According to the NFPA’s Trends and Patterns of U.S. Fire Loss report in 2017, “The fire death rate per million population fell 70% from 34.4 in 1977 to 10.2 in 2015.” The decline is largely attributed to the increased presence of smoke detectors, which the law requires in most residential dwellings in the country, as well as a reduction in smoking by the general population. A study by epidemiologists from University of California, Davis, reported, “Two-thirds of all U.S. reductions in fire fatalities related to smoking from 1984 to 1995 were attributed to reductions in cigarette consumption.” Two good actions; two great results.
The Occupational Safety and Health Administration (OSHA) estimates approximately 350 electrical-related fatalities occur each year. Electrical workers suffer the highest number of electrocutions per year. Though electricity is the fourth-leading cause of death in the construction industry, the trend has decreased steadily, just like fire fatalities. While one study presents the trend as a consistent downward slope, a closer analysis of the data reveals it’s been variable, as the figure (above) shows.

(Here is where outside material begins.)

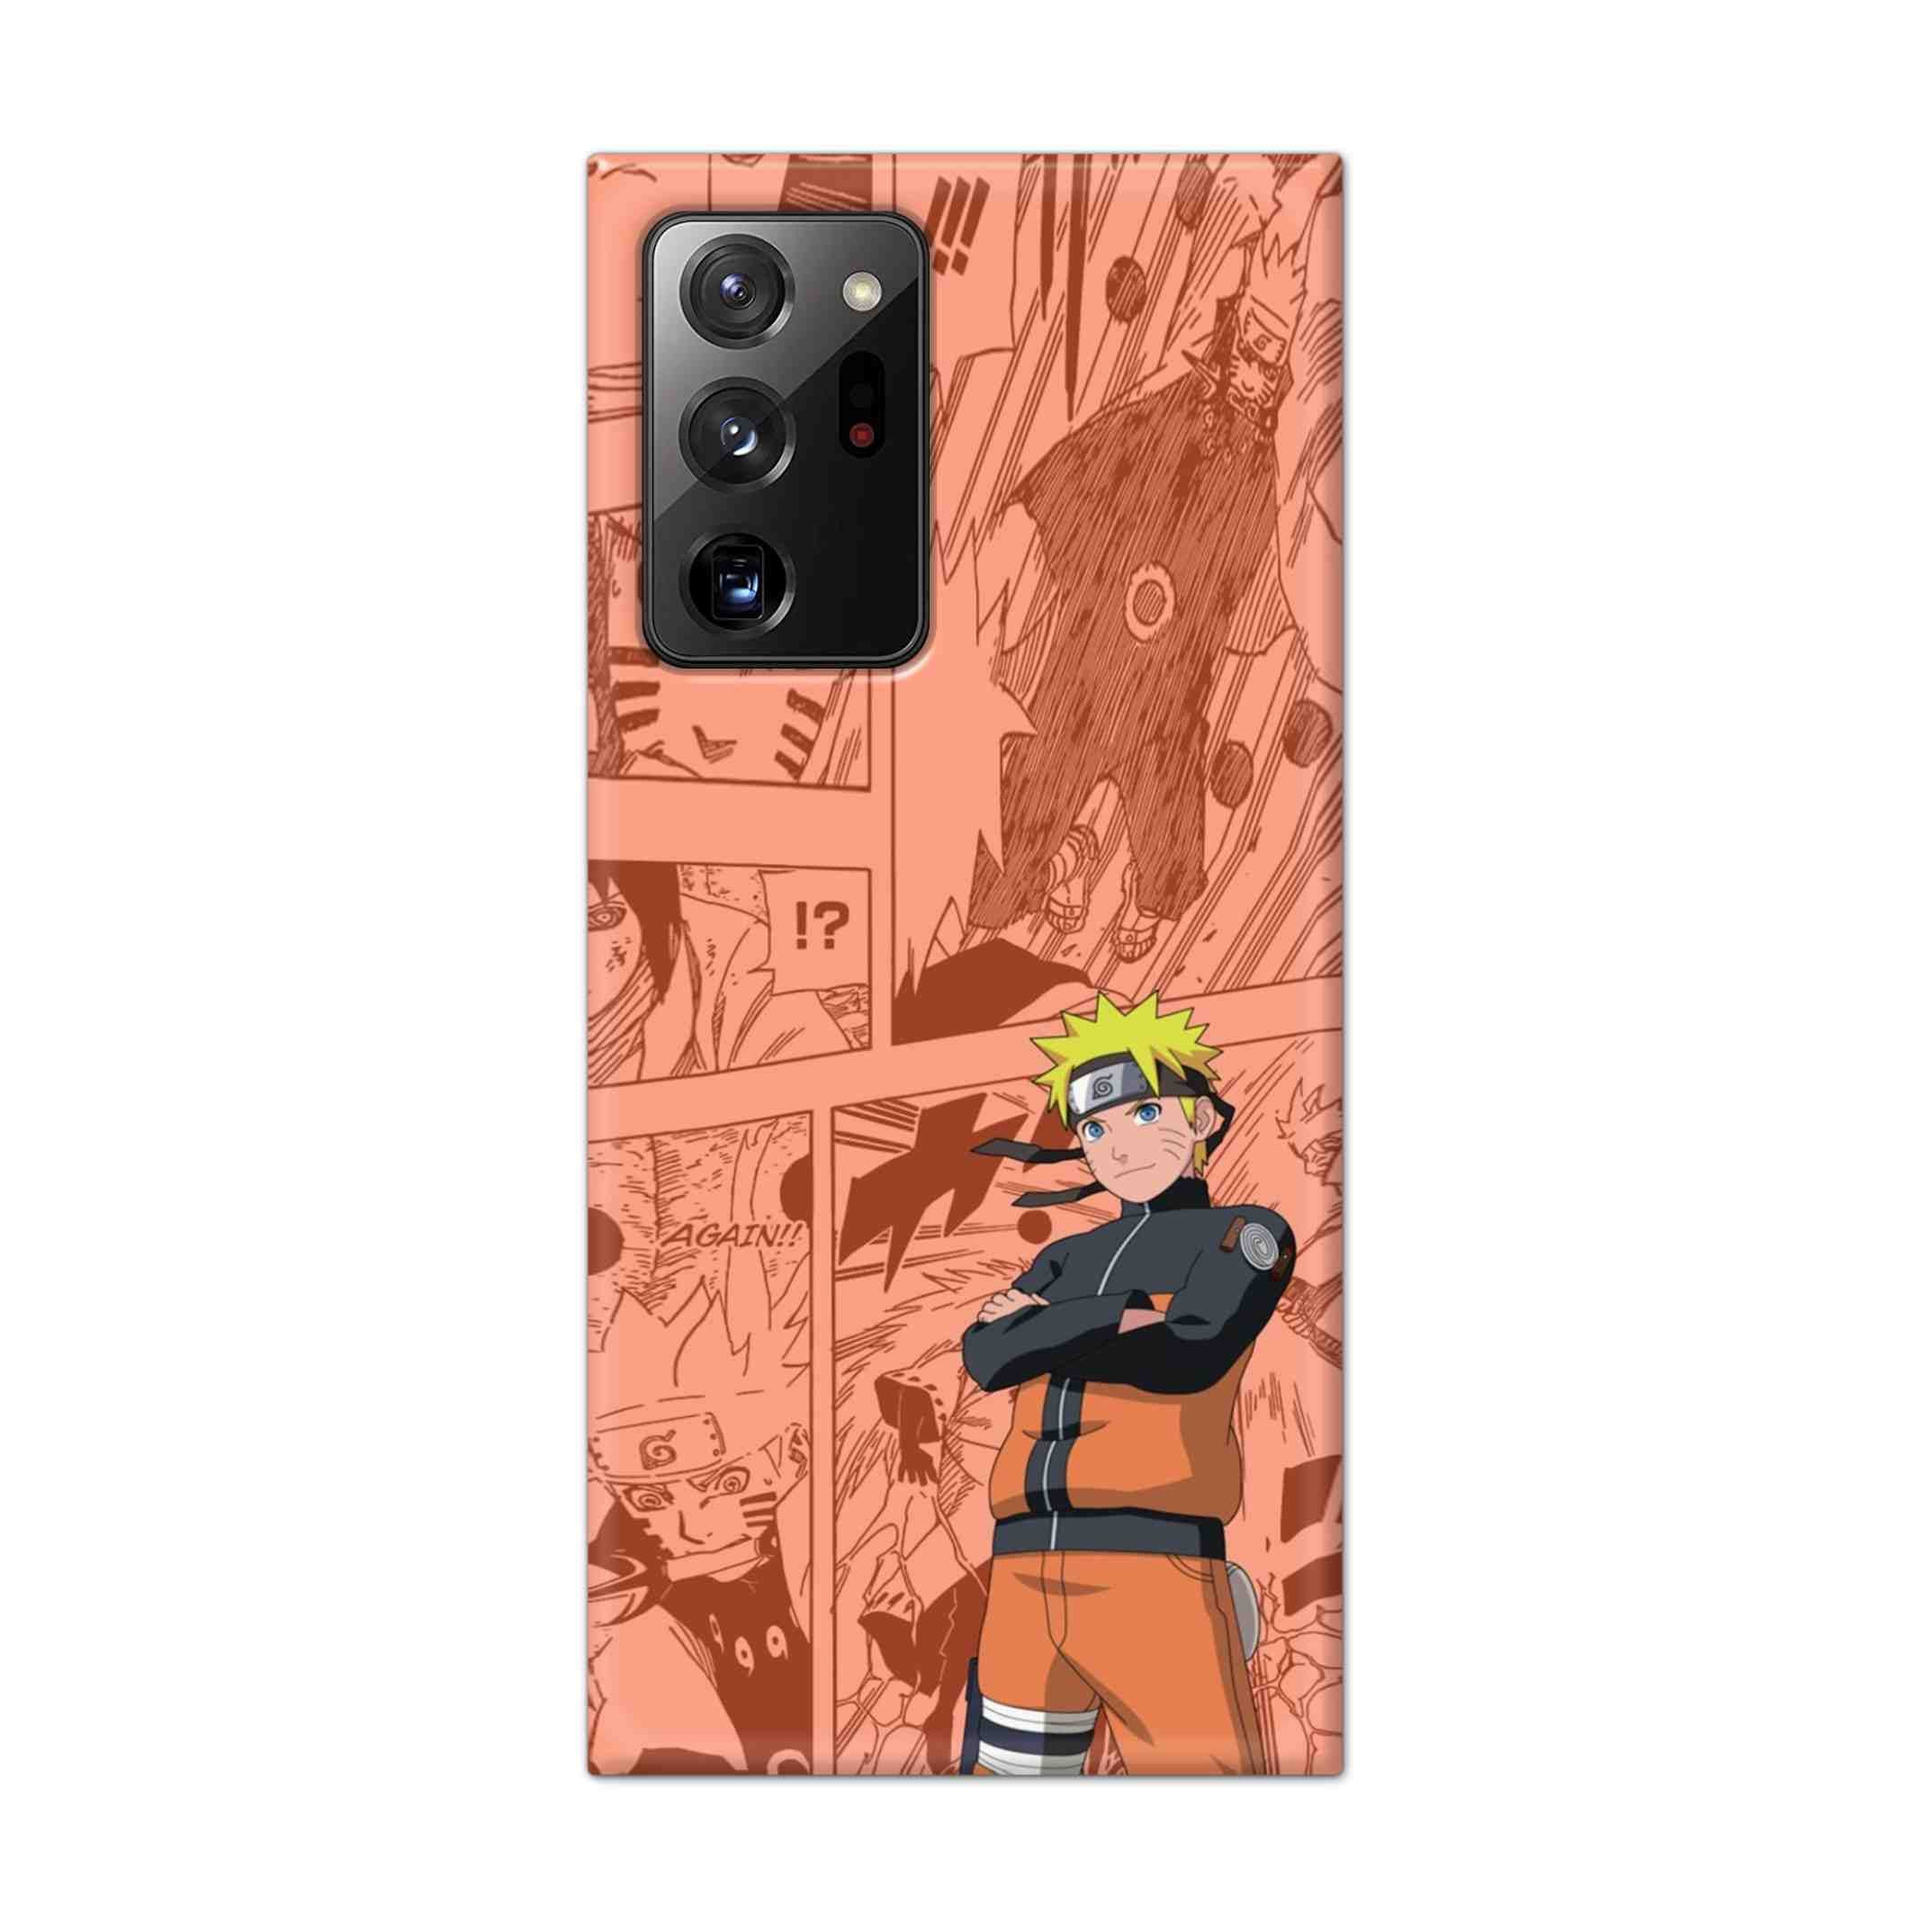 Buy Naruto Hard Back Mobile Phone Case Cover For Samsung Galaxy Note 20 Ultra Online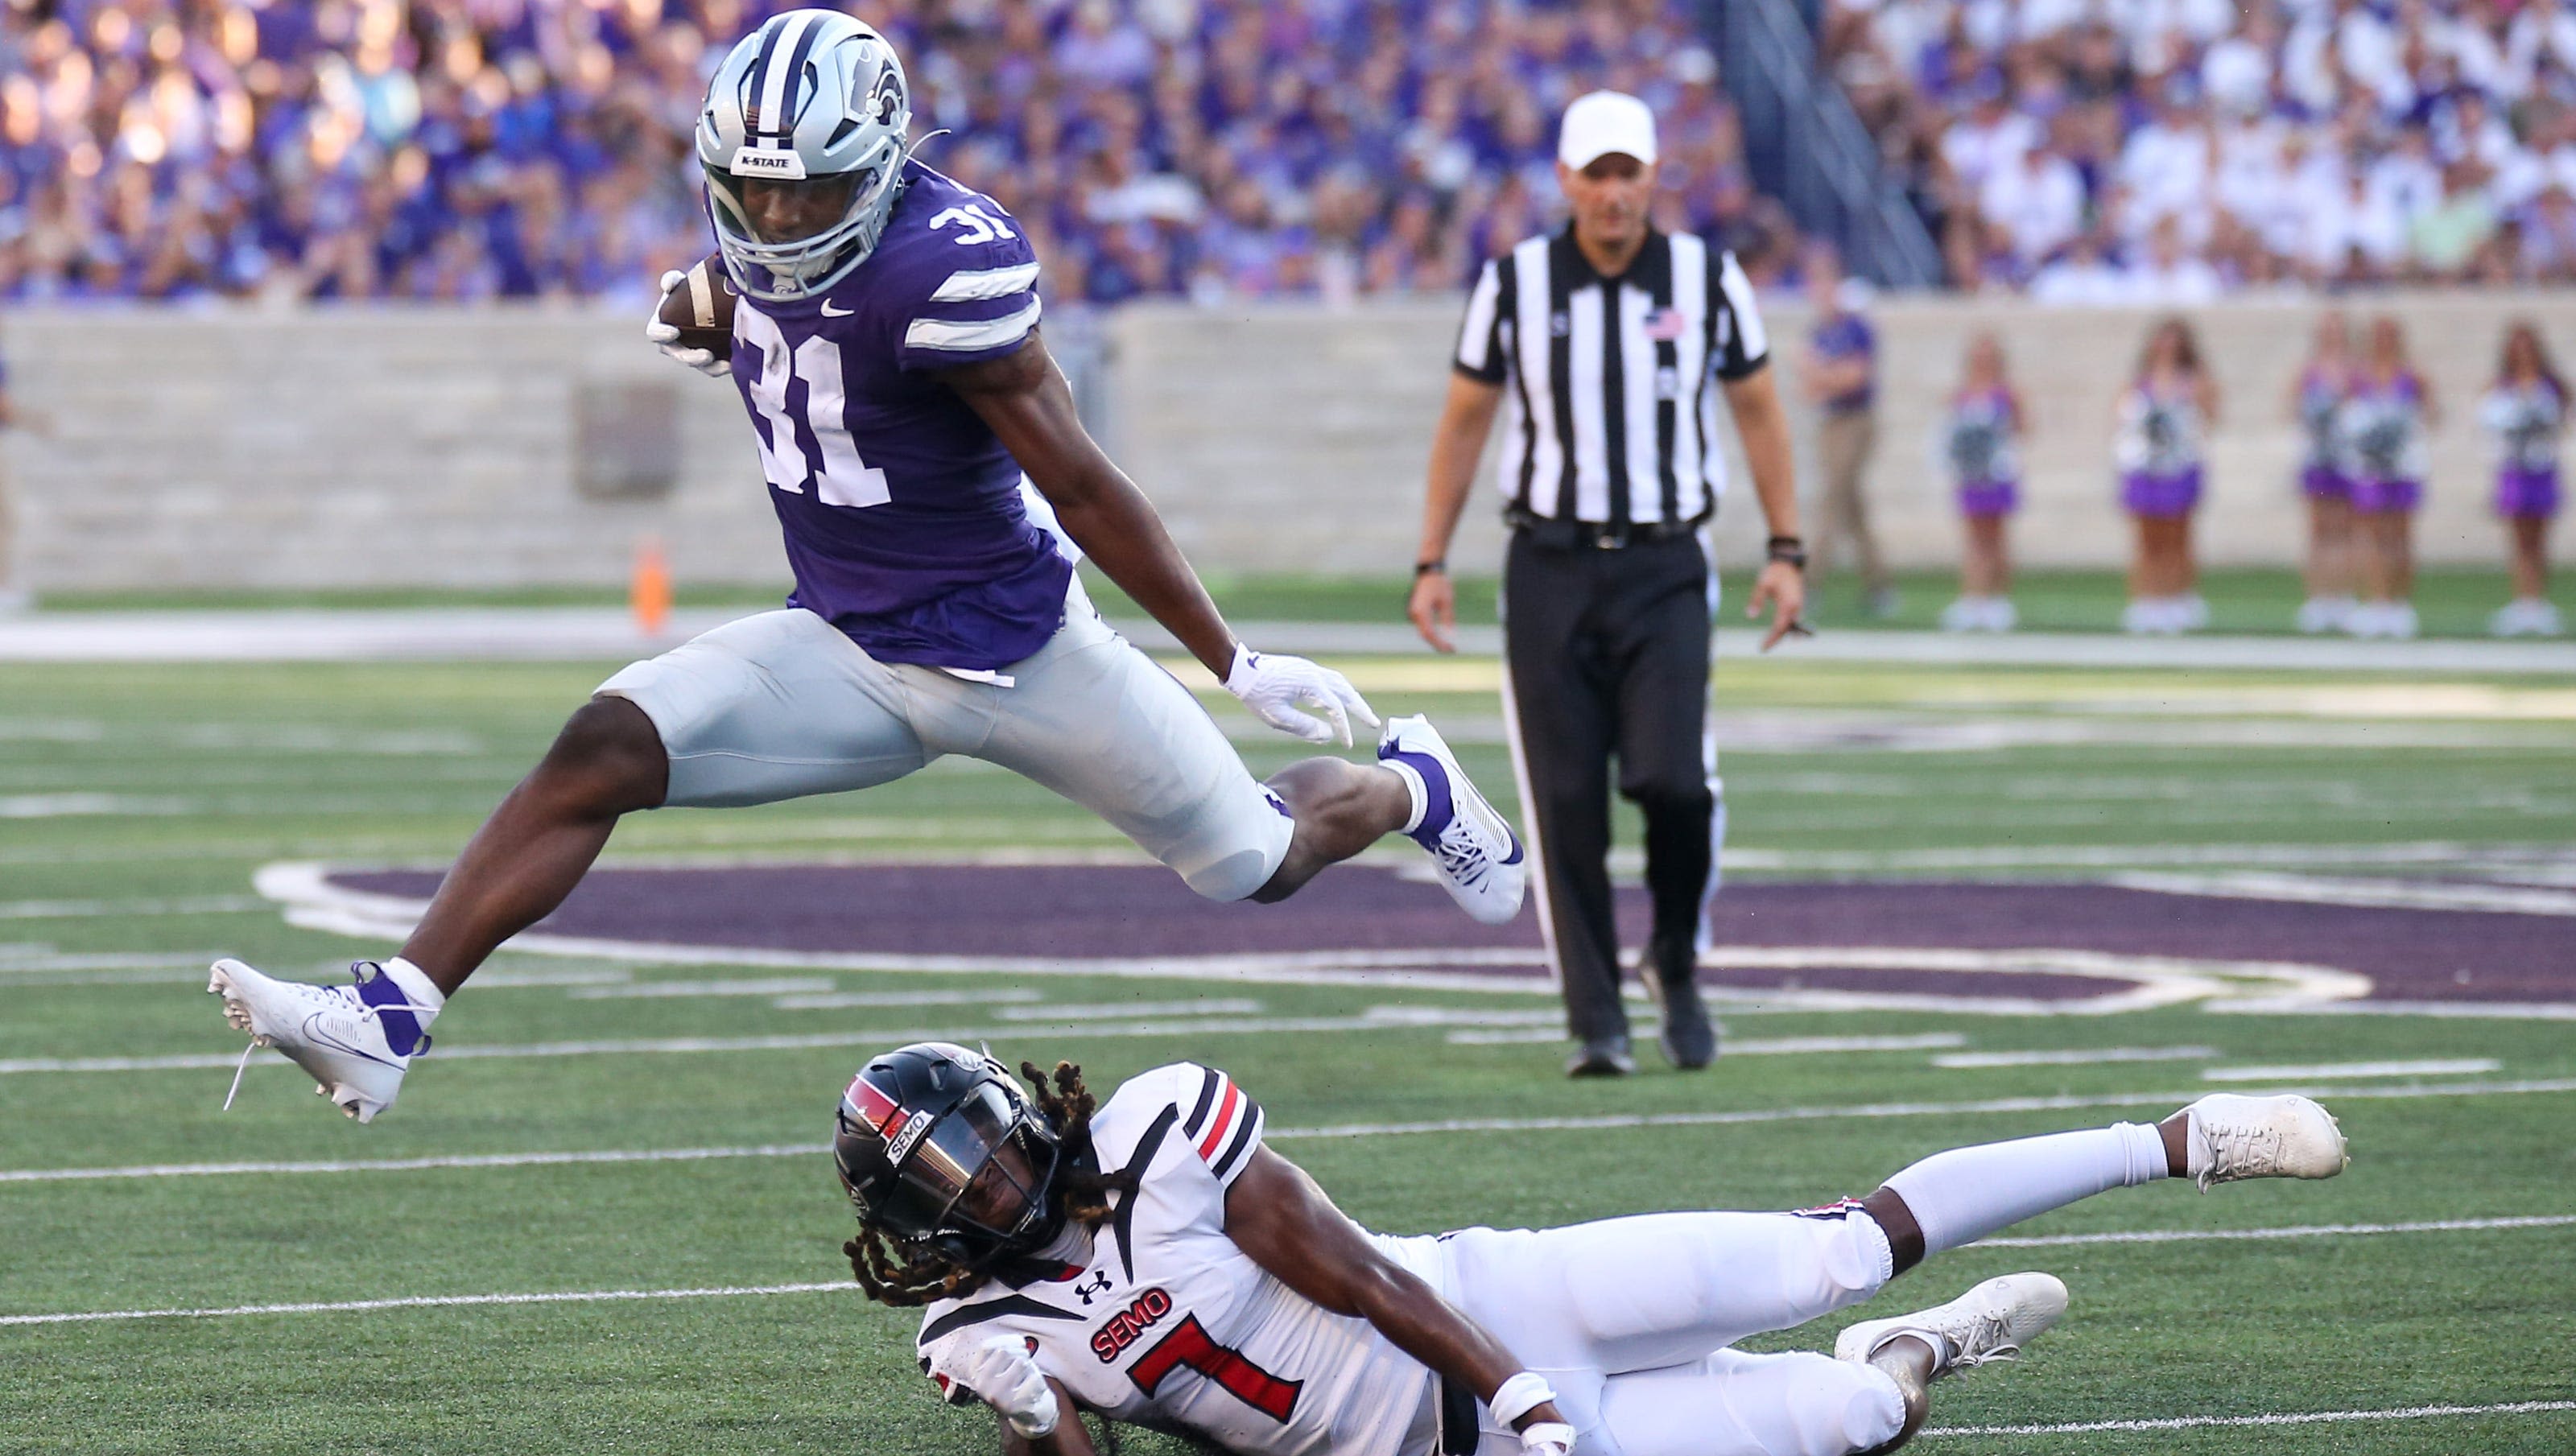 DJ Giddens and Dylan Ewards give Kansas State football running game a potent one-two punch

Examining a three-year sliding average of the data uncovers that something in 2007 caused a distinct beginning to the decline in construction worker electrical fatalities. Though NFPA 70E, Standard for Electrical Safety, has been published and revised for 40 years, its usage took a huge step forward in 2007 when changes were made to Subpart S of 29 CFR Part 1910 that, according to OSHA, “drew heavily from the 2000 edition of the National Fire Protection Association’s (NFPA) Electrical Safety Requirements for Employee Workplaces (NFPA 70E) and the 2002 edition of the National Electrical Code (NEC).”
While the law does not require NFPA 70E training (except for Department of Energy contractors), OSHA federal regulations pertaining to electrical safety training and electrical safety in the workplace are law. Failure to meet these regulations can result in citations, fines and penalties. Most important, it has a direct correlation to the decrease in deaths and injuries from electrical accidents.
So why has this decline nearly leveled over the past five years? Workers following safety-related work practice requirements, limiting the approach, learning the arc flash concept, and wearing proper personal protective equipment (PPE) has a significant effect on injury and death rates. But why haven’t these practices continued to reduce the deaths and injuries? Making it the employer’s duty to create an electrical safety program and making it enforced practice within companies should have had a greater effect than waiting for an incident that called OSHA in to penalize the company.
OSHA recognizes that the most common injuries happen more frequently as the scope of work the typical EC performs and the age of the workforce increases. While regulations aren’t going to decrease anyone’s age, perhaps the 2018 edition of NFPA 70E has addressed this with additional focus on risk assessment and including factors such as human error in the assessment.
Raising awareness about the factors that lead to potentially dangerous situations before engaging in that work will also reduce instance of injury and death, especially when ECs are in new situations as a result of expanding scopes of work. Article 105.4 now explicitly states, “Hazard elimination shall be the first priority in the implementation of safety-related work practices.” Requiring risk assessments for shock and arc flash to be performed by identifying the hazard, estimating the likelihood of occurrence of injury or damage to health and the potential severity of injury or damage to health, and determining if additional protective measures are required to prevent injury or death, including the use of PPE, seems to make it a no-brainer. Only those without a brain (or driven by greed) would disregard that information and carry out the task in an unsafe manner.
Why do people still choose not to follow lockout/tagout procedures or wear PPE? While doing research a few years ago with data from the Bureau of Labor Statistics, I found falls were a leading reason for deaths in electrical incidents. I knew electrical workers as a group couldn’t be significantly more clumsy than the general population, so further digging revealed the statistic was skewed by those who were replacing overhead lighting fixtures on live circuits without proper PPE while on a ladder. A preventable electrical shock caused them to fall from the ladder, resulting in injuries and deaths.
We need to dig deeper to get that curve of preventable deaths trending back down toward zero. When you see someone being unsafe, ask them why and ask them if it’s worth the risk. Are they even aware of the risk? That pause, that awareness, might just prevent a tragedy.